What is needed |
All of the data should be repeated exactly; pictures are not part of the copy.

Stored dataset items
+++++

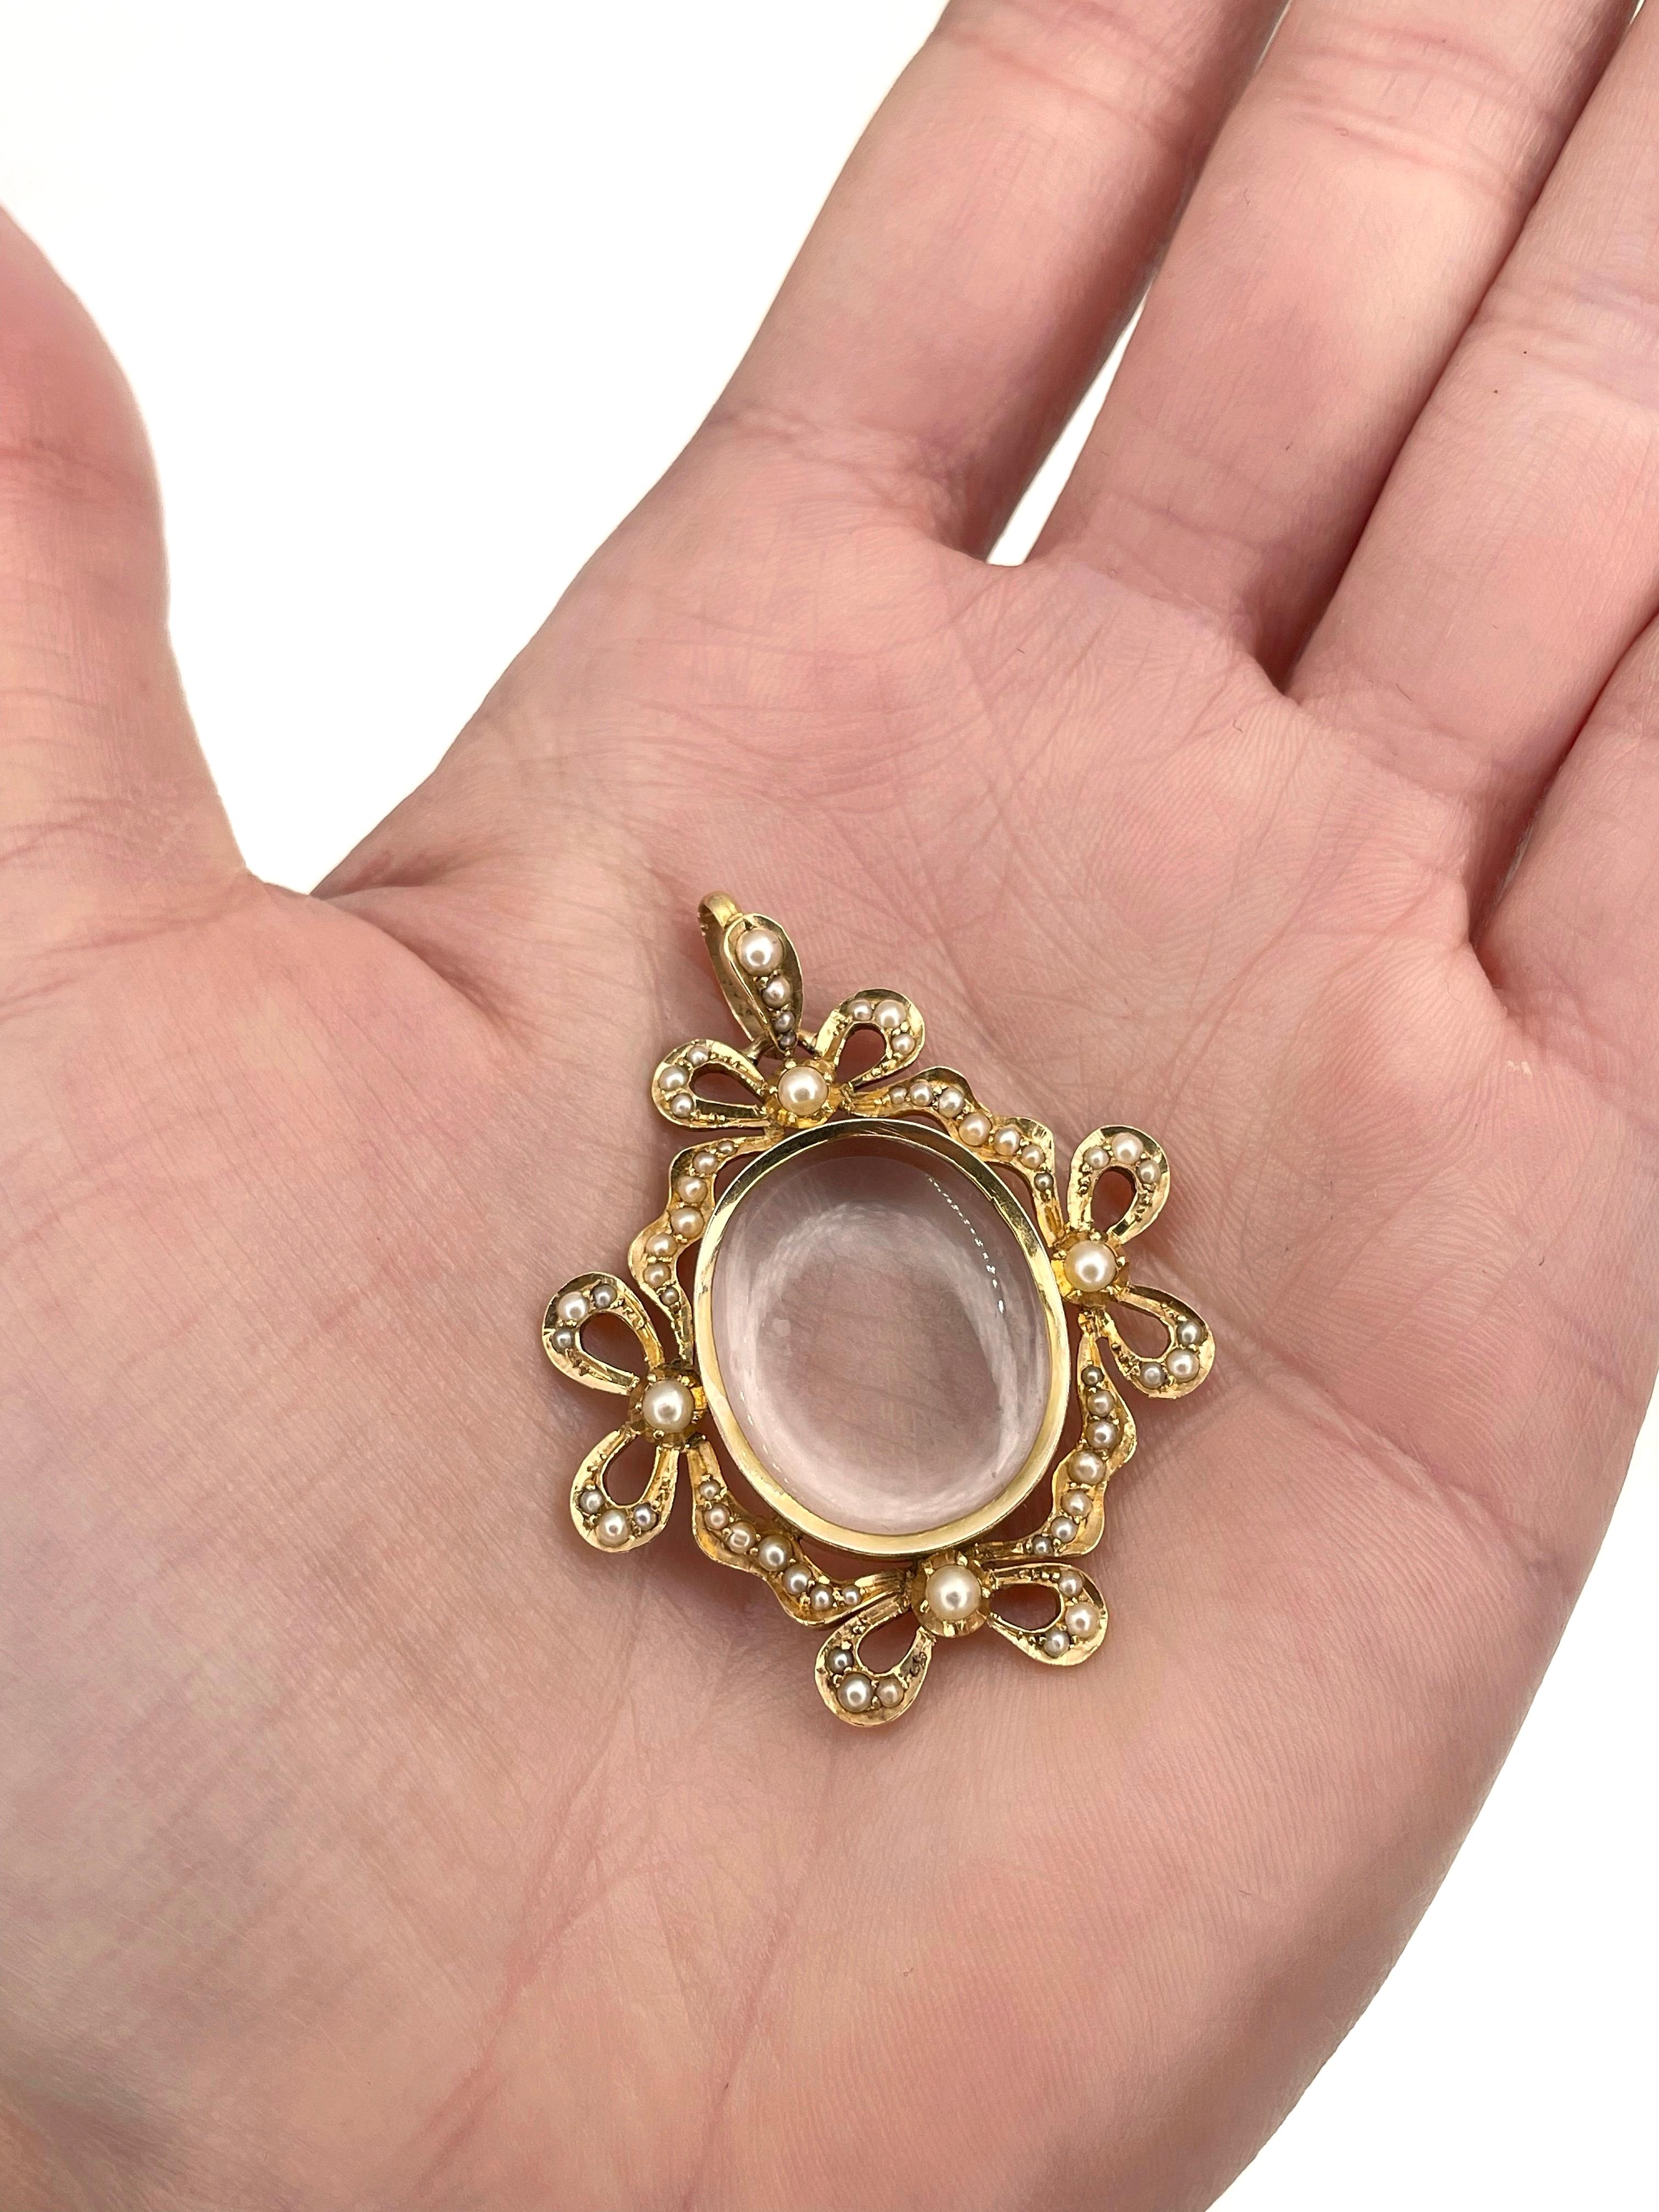 This is an amazing Edwardian clear locket pendant crafted in 14K yellow gold. The piece features 59 seed pearls. It has a transparent space for pictures or gems to put inside (shown in video). 

Weight: 10.45g
Size: 4.2x3.5cm

———

If you have any

+++++

Task result |
 This is an amazing Edwardian clear locket pendant crafted in 14K yellow gold. The piece features 59 seed pearls. It has a transparent space for pictures or gems to put inside (shown in video). 

Weight: 10.45g
Size: 4.2x3.5cm

———

If you have any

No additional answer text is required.